Two of the three horses in this challenge study developed clinical signs similar to those seen during ECoV outbreaks, including anorexia, pyrexia and soft feces. Although Clostridium perfringens was isolated from the inoculum, it was not isolated from the fecal samples collected during the days on which the two horses showed clinical signs. This suggests that Clostridium perfringens was not related to the clinical symptoms of disease. The results of serological testing indicated that all horses were infected with ECoV; however, one horse showed no signs of illness, suggesting that subclinical ECoV infection can occur in some horses. None of the horses in this study developed severe watery diarrhea similar to that of the horse from which the inoculum was obtained. This is consistent with previous reports that diarrhea was observed in only some of the affected horses during ECoV outbreaks [12-14], and these findings suggest that additional factors may be associated with induction of diarrhea in ECoV-infected horses.
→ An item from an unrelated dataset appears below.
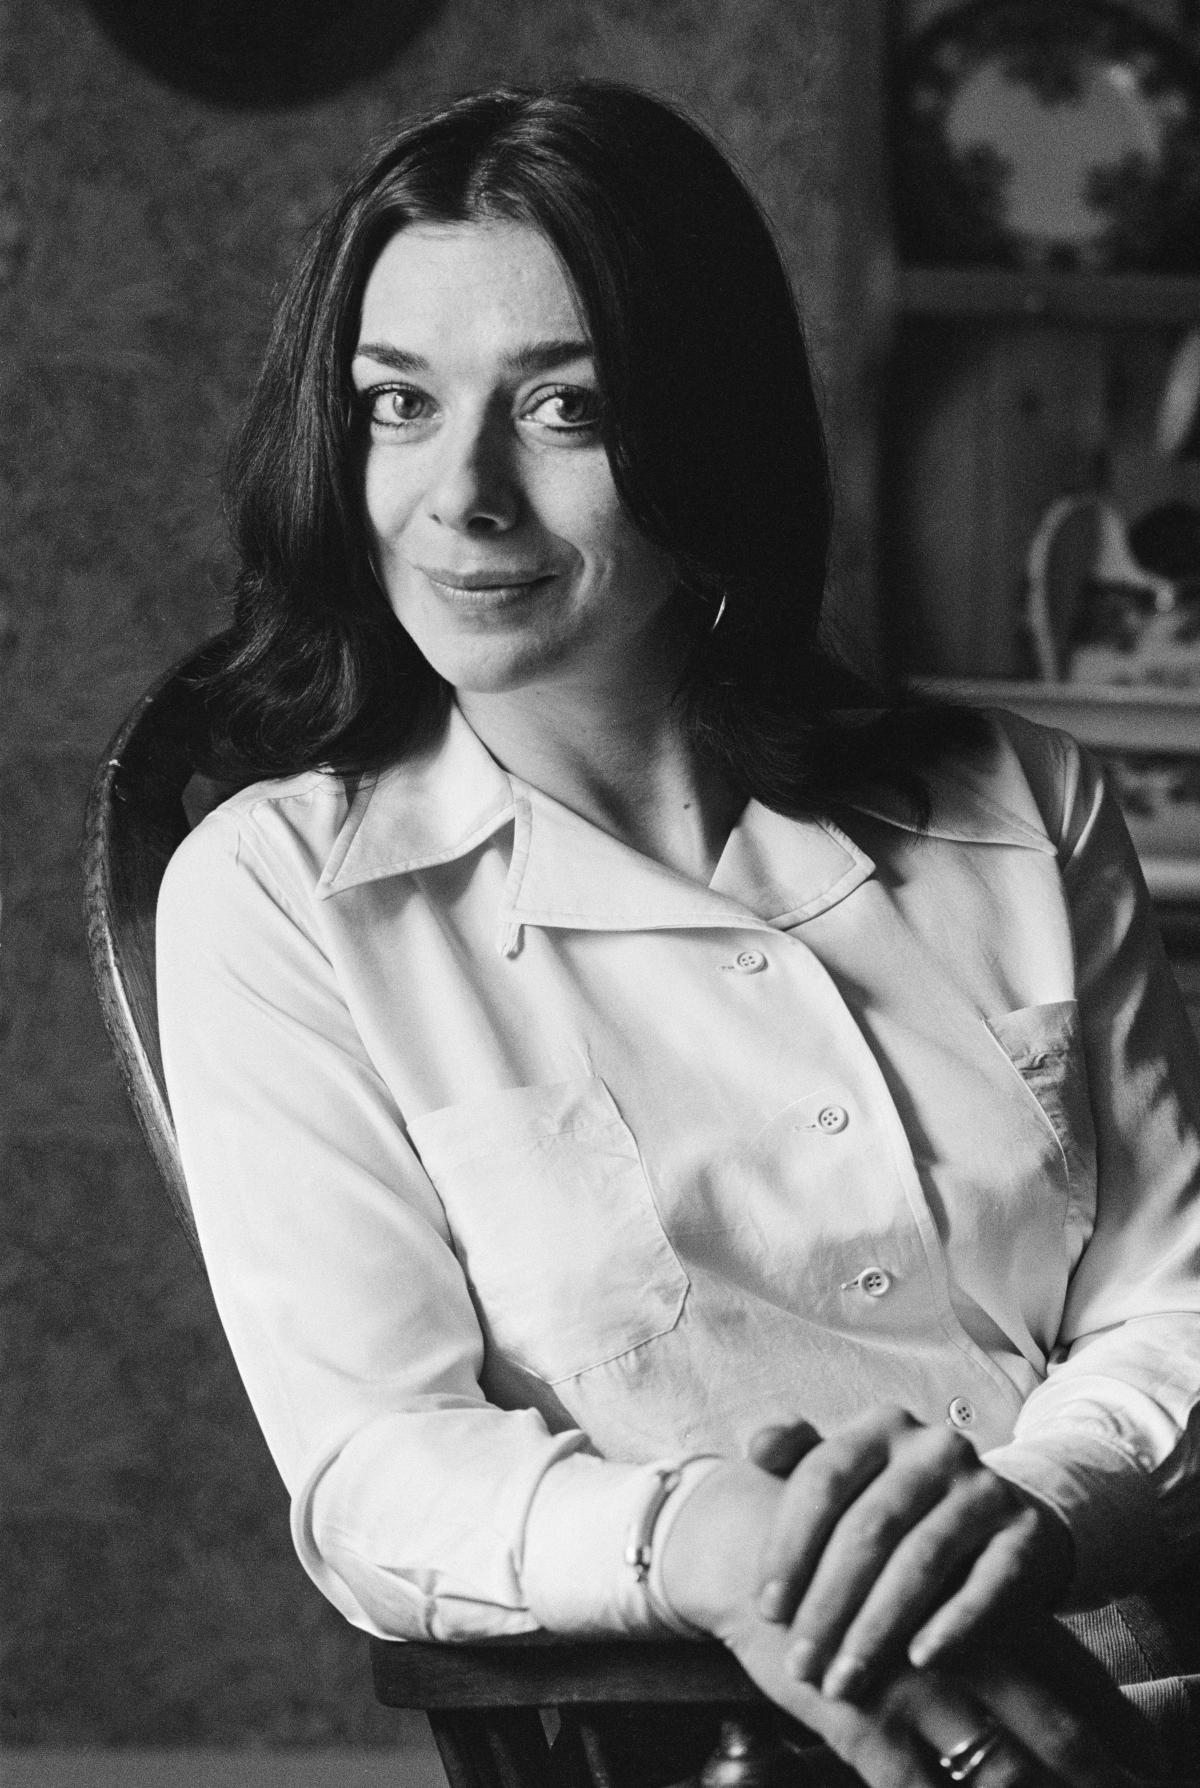 Lovi Poe (b. 1990) picture

Isolation of ECoV in cell culture is difficult [7], and therefore, real-time RT-PCR was used to investigate virus shedding patterns in the horses infected with ECoV in this study. The two symptomatic horses became viremic, while the asymptomatic horse did not. Leukopenia and lymphopenia were observed only in horse 1, which had a viral load of more than 106 copies/ml in EDTA blood; the white blood cell count of this horse increased as the ECoV load decreased. White blood cell count has been shown to be closely related to clinical symptoms in horses infected with ECoV. SAA, which is used as a marker of inflammation in equine clinical practice because it closely reflects changes in clinical conditions [5], increased in the two symptomatic horses in concordance with clinical signs. Thus, white blood cell count and SAA may both be useful markers of ECoV infection in horses.
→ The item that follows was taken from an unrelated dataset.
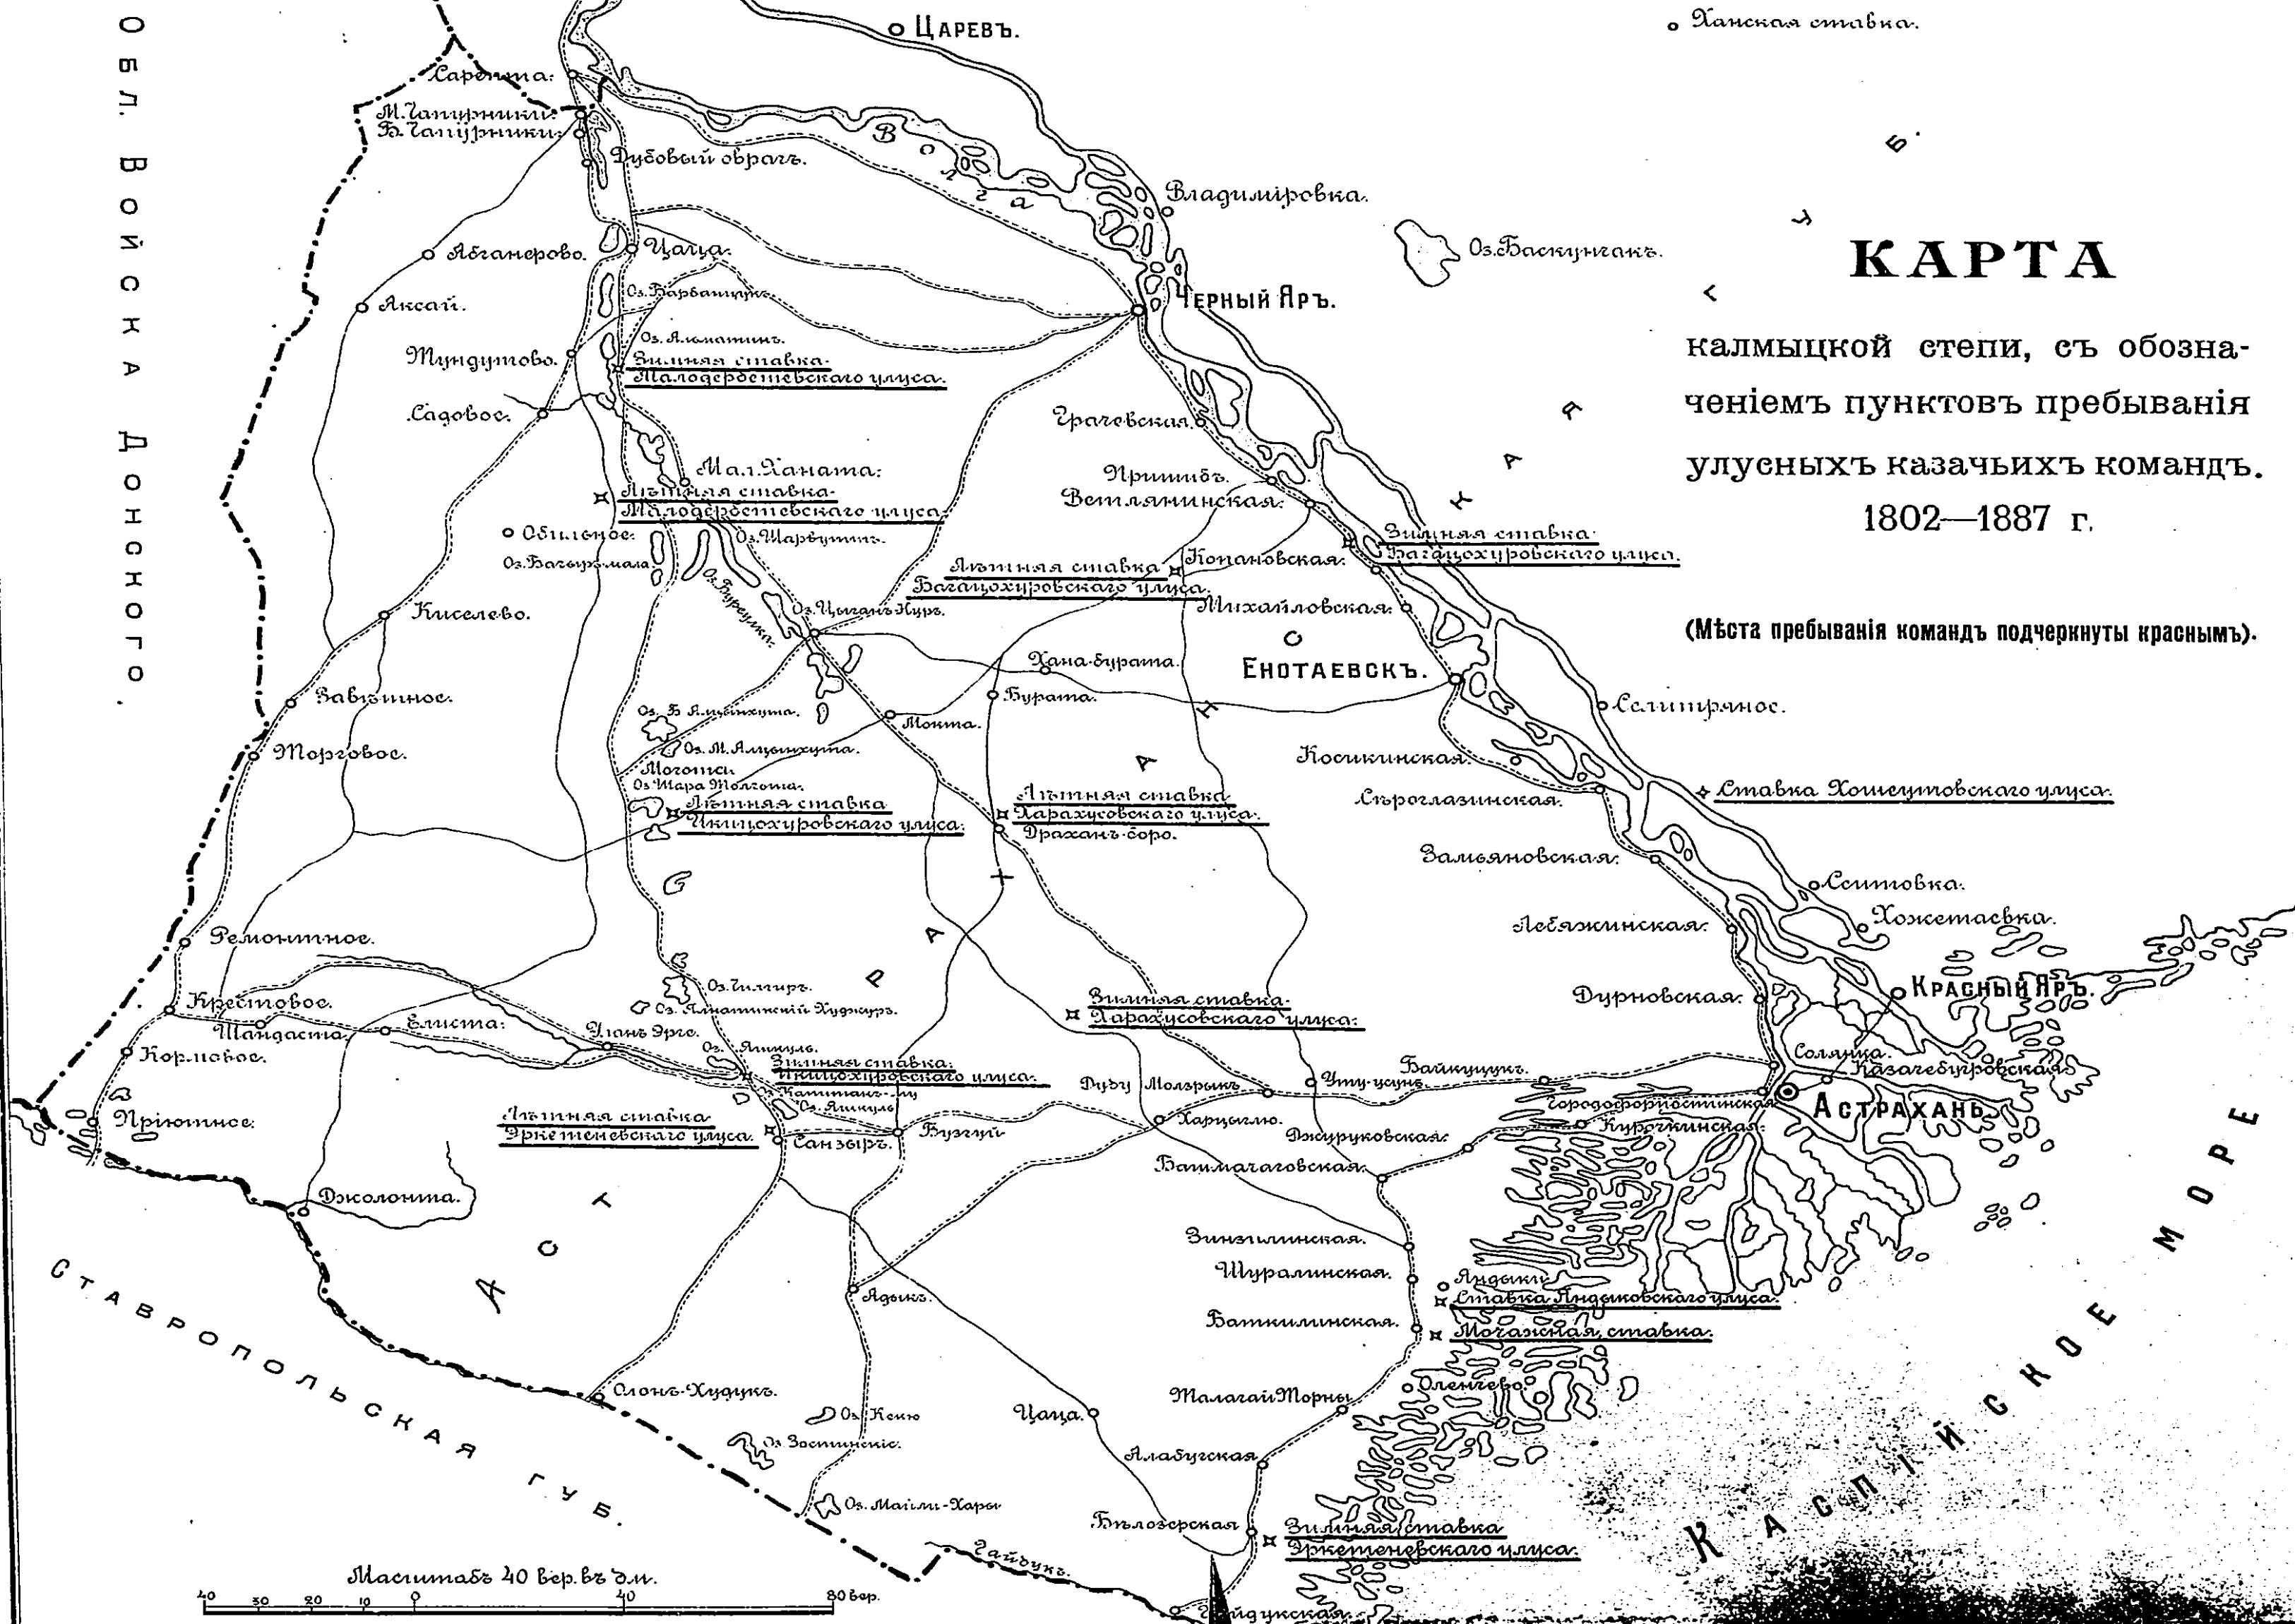 карта расположения улусных казачьих команд АКВ

Real-time RT-PCR of fecal samples detected a large amount of virus in the feces for more than 9 days in all horses regardless of presence or absence of clinical signs. These results indicate that ECoV replicates in the intestinal tract and that feces are an important source of ECoV infection. Irrespective of their symptomatic or asymptomatic status, infected horses are capable of spreading the virus into the environment. Because of the large amount of virus shed into the feces, the main transmission route of ECoV is likely fecal-oral.
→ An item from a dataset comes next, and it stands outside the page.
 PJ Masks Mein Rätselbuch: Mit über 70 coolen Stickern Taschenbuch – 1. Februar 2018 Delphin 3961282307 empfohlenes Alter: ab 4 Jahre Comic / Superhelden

ECoV was also detected in nasal swabs from all horses, even though the inoculum was administered directly into the esophagus. In addition, the virus was shed from the nasal tracts of the two horses that developed fever even after the horses became afebrile. In Europe, ECoV was also detected from a respiratory specimen within a few days after the onset of clinical signs [8]. In previous studies using field samples from the outbreaks in 2009 and 2012 [12, 13], ECoV was not detected in nasal swabs. This may be because the nasal swabs were collected during the early stages of fever development in these previous reports. As ECoV was not inoculated via the respiratory route in our current study, viral infection of the respiratory tract was probably secondary to the viremia that resulted after infection of the intestinal tract. However, in horse 3, viremia was not detected, but ECoV was isolated from nasal swabs. Therefore, we hypothesize that another route, such as lymphogenous transmission, may be related to the spread of the ECoV within the host. BCoV, which is closely related to ECoV, is transmitted to other cattle via both the respiratory and the fecal-oral route [6], and it is therefore possible that respiratory transmission of ECoV may also occur. Alternatively, it is possible that the nasal tract was secondarily infected with ECoV via exposure to feces on the floor of the stall. To clarify the route of transmission of ECoV, future virus challenge studies using respiratory tract inoculation should be performed.

We successfully reproduced the clinical signs of ECoV infection by experimental inoculation of an ECoV-positive fecal sample into the gastrointestinal tracts of draft horses. The clinical and virological findings reported here should aid further studies of the pathogenesis of ECoV.